ABORTED | 10 | The operation was aborted, typically due to a concurrency issue such as a sequencer check failure or transaction abort. See the guidelines above for deciding between FAILED_PRECONDITION , ABORTED , and UNAVAILABLE . |
OUT_OF_RANGE | 11 | The operation was attempted past the valid range. E.g., seeking or reading past end-of-file. Unlike INVALID_ARGUMENT , this error indicates a problem that may be fixed if the system state changes. For example, a 32-bit file system will generate INVALID_ARGUMENT if asked to read at an offset that is not in the range [0,2^32-1], but it will generate OUT_OF_RANGE if asked to read from an offset past the current file size. There is a fair bit of overlap between FAILED_PRECONDITION and OUT_OF_RANGE . We recommend using OUT_OF_RANGE (the more specific error) when it applies so that callers who are iterating through a space can easily look for an OUT_OF_RANGE error to detect when they are done. |
UNIMPLEMENTED | 12 | The operation is not implemented or is not supported/enabled in this service. |
INTERNAL | 13 | Internal errors. This means that some invariants expected by the underlying system have been broken. This error code is reserved for serious errors. |
UNAVAILABLE | 14 | The service is currently unavailable. This is most likely a transient condition, which can be corrected by retrying with a backoff. Note that it is not always safe to retry non-idempotent operations. |
DATA_LOSS | 15 | Unrecoverable data loss or corruption. |
UNAUTHENTICATED | 16 | The request does not have valid authentication credentials for the operation. |
All RPCs started at a client return a status
object composed of an integer
code
and a string message
. The server-side can choose the status it
returns for a given RPC.
The gRPC client and server-side implementations may also generate and
return status
on their own when errors happen. Only a subset of
the pre-defined status codes are generated by the gRPC libraries. This
allows applications to be sure that any other code it sees was actually
returned by the application (although it is also possible for the
server-side to return one of the codes generated by the gRPC libraries).
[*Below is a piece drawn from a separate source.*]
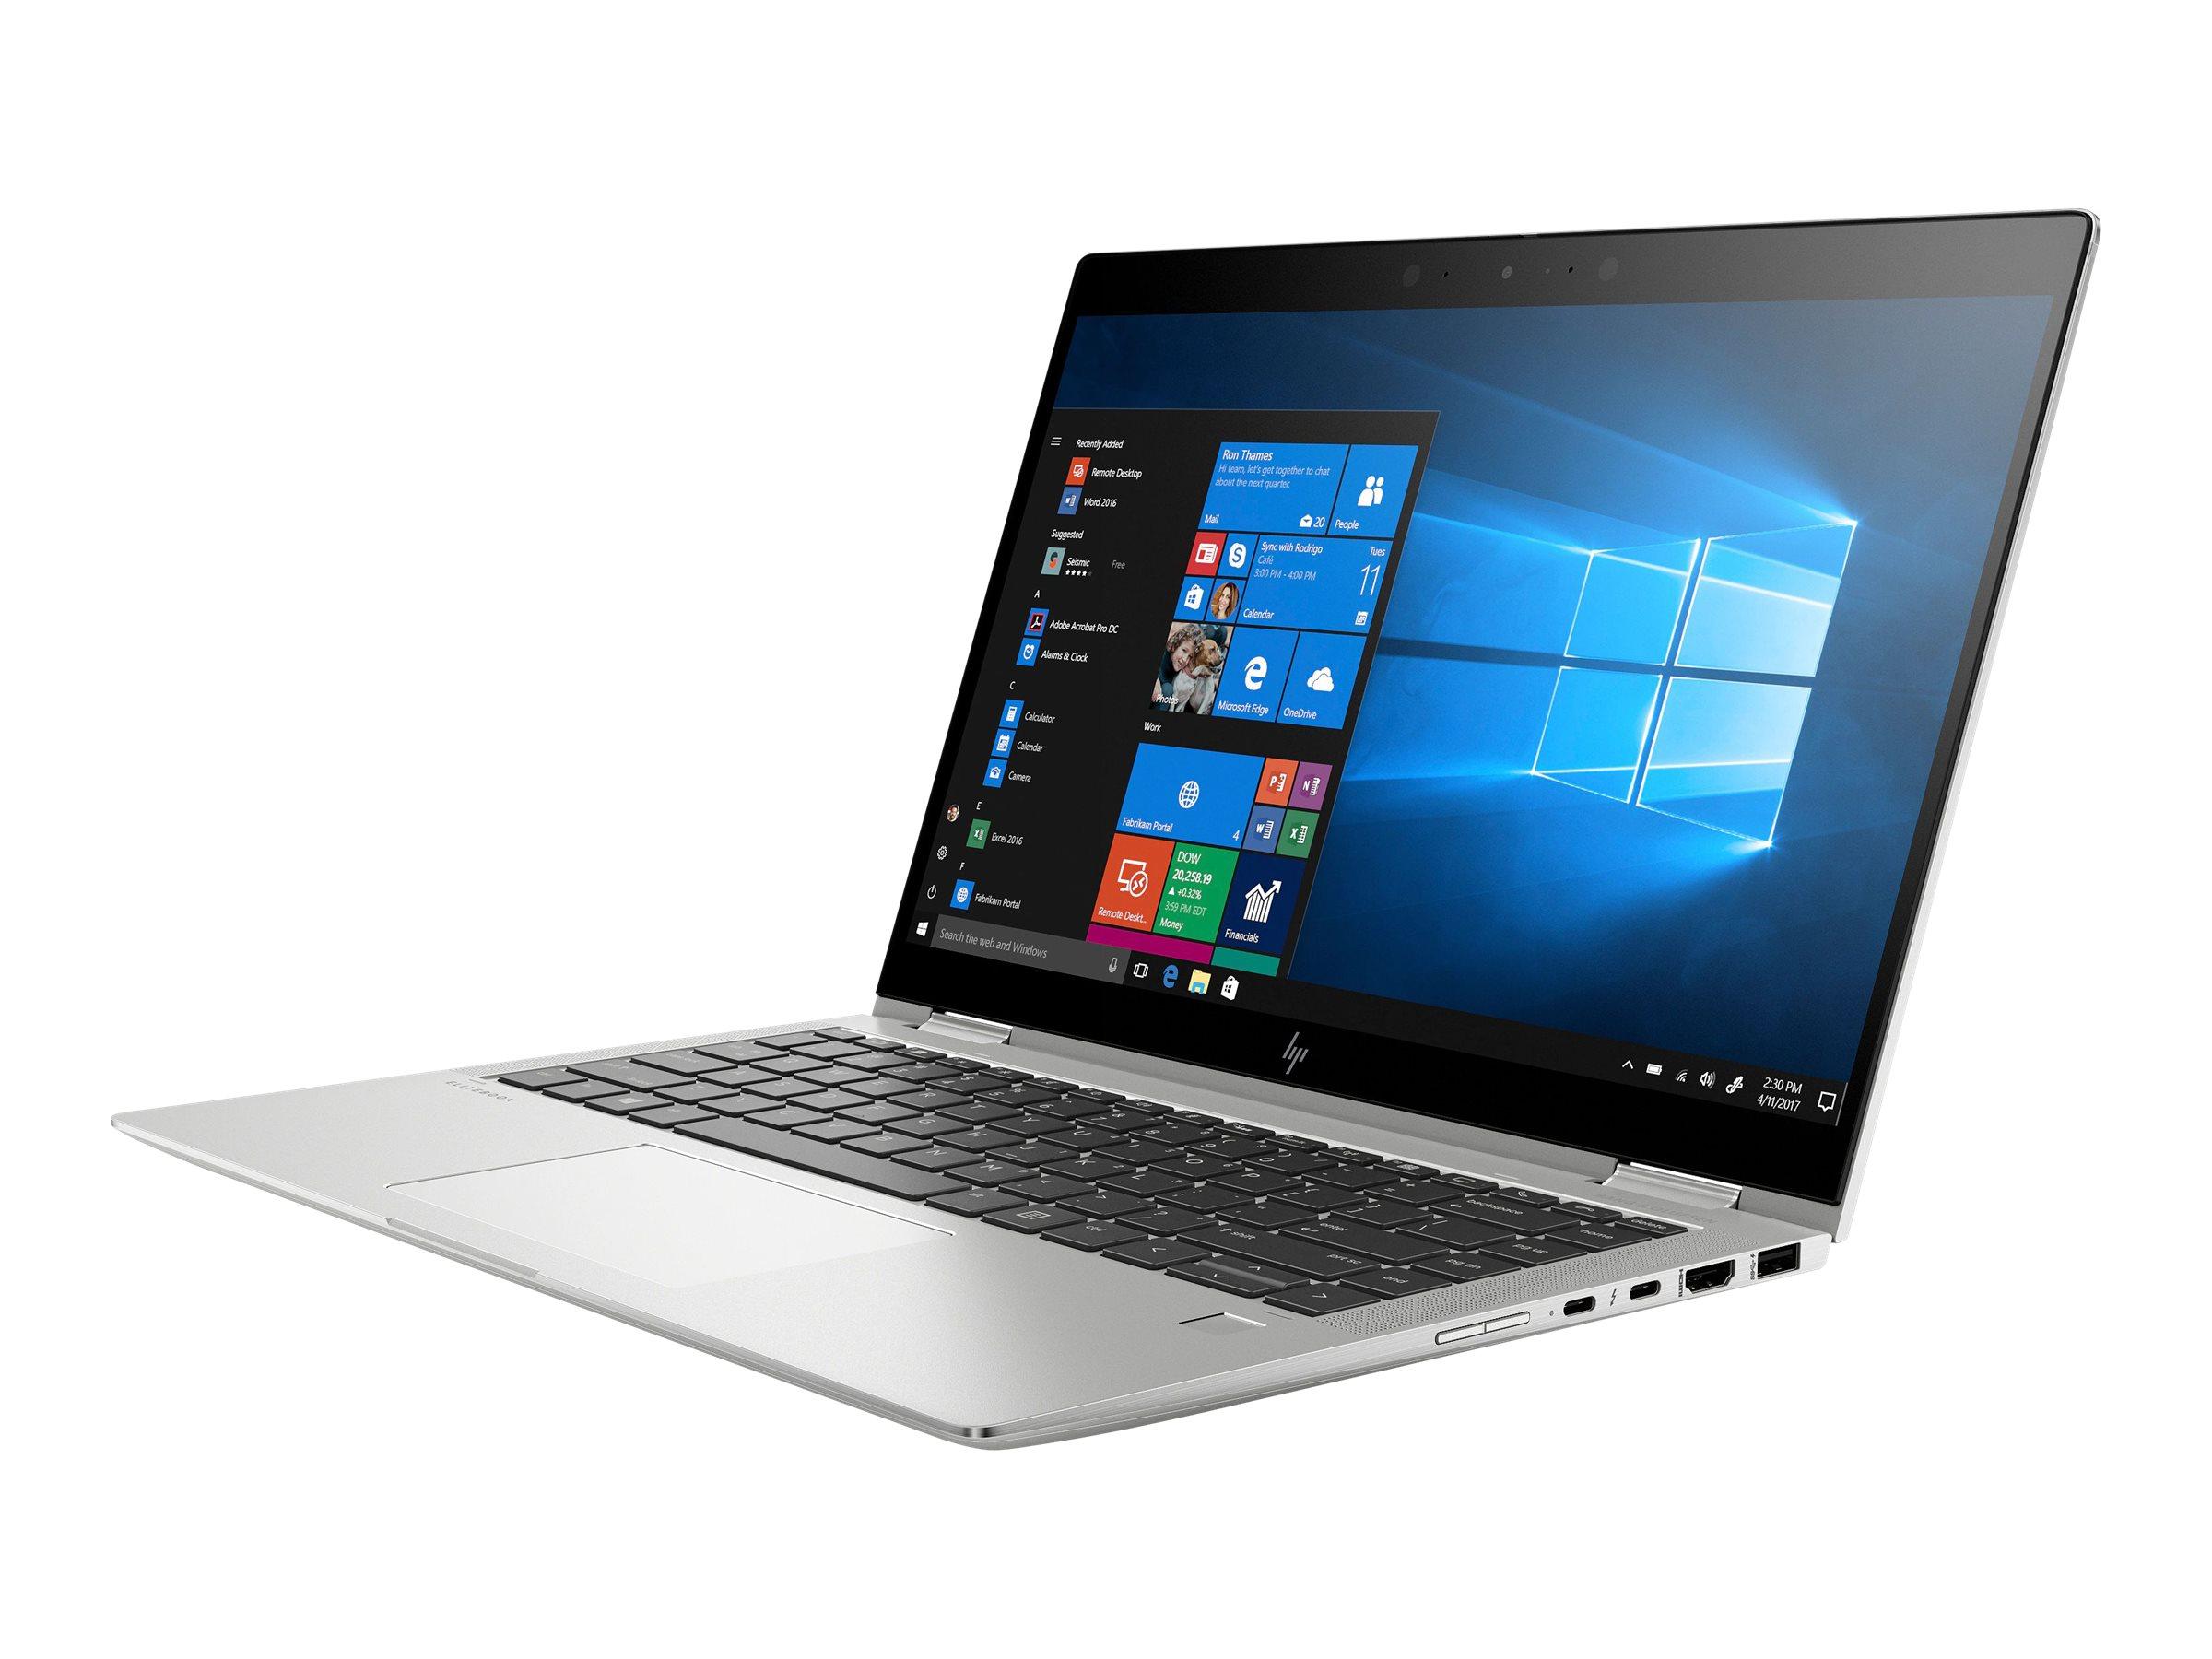 Hp elitebook x360 1040 g6 flip design core i5 8265u 1 6 ghz win 10 pro 64 bit 8 gb ram 256 gb ssd nvme hp value 11705733 7kn35ea abd

The following table lists the codes that may be returned by the gRPC
libraries (on either the client-side or server-side) and summarizes the
situations in which they are generated.
Case | Code | Generated at Client or Server |
---|---|---|
Client Application cancelled the request | CANCELLED | Both |
Deadline expires before server returns status | DEADLINE_EXCEEDED | Both |
Method not found at server | UNIMPLEMENTED | Server |
Server shutting down | UNAVAILABLE | Server |
Server side application throws an exception (or does something other than returning a Status code to terminate an RPC) | UNKNOWN | Server |
No response received before Deadline expires. This may occur either when the client is unable to send the request to the server or when the server fails to respond in time. | DEADLINE_EXCEEDED | Both |
Some data transmitted (e.g., request metadata written to TCP connection) before connection breaks | UNAVAILABLE | Client |
Could not decompress, but compression algorithm supported (Client -> Server) | INTERNAL | Server |
Could not decompress, but compression algorithm supported (Server -> Client) | INTERNAL | Client |
Compression mechanism used by client not supported at server | UNIMPLEMENTED | Server |
Server temporarily out of resources (e.g., Flow-control resource limits reached) | RESOURCE_EXHAUSTED | Server |
Client does not have enough memory to hold the server response | RESOURCE_EXHAUSTED | Client |
Flow-control protocol violation | INTERNAL | Both |
Error parsing returned status | UNKNOWN | Client |
Incorrect Auth metadata ( Credentials failed to get metadata, Incompatible credentials set on channel and call, Invalid host set in :authority metadata, etc.) |
UNAUTHENTICATED | Both |
Request cardinality violation (method requires exactly one request but client sent some other number of requests) | UNIMPLEMENTED | Server |
Response cardinality violation (method requires exactly one response but server sent some other number of responses) | UNIMPLEMENTED | Client |
Error parsing response proto | INTERNAL | Client |
Error parsing request proto | INTERNAL | Server |
Sent or received message was larger than configured limit | RESOURCE_EXHAUSTED | Both |
Keepalive watchdog times out | UNAVAILABLE | Both |
The following status codes are never generated by the library:
- INVALID_ARGUMENT
- NOT_FOUND
- ALREADY_EXISTS
- FAILED_PRECONDITION
- ABORTED
- OUT_OF_RANGE
- DATA_LOSS
Applications that may wish to retry failed RPCs must decide which status codes on which to retry. As shown in the table above, the gRPC library can generate the same status code for different cases. Server applications can also return those same status codes. Therefore, there is no fixed list of status codes on which it is appropriate to retry in all applications. As a result, individual applications must make their own determination as to which status codes should cause an RPC to be retried.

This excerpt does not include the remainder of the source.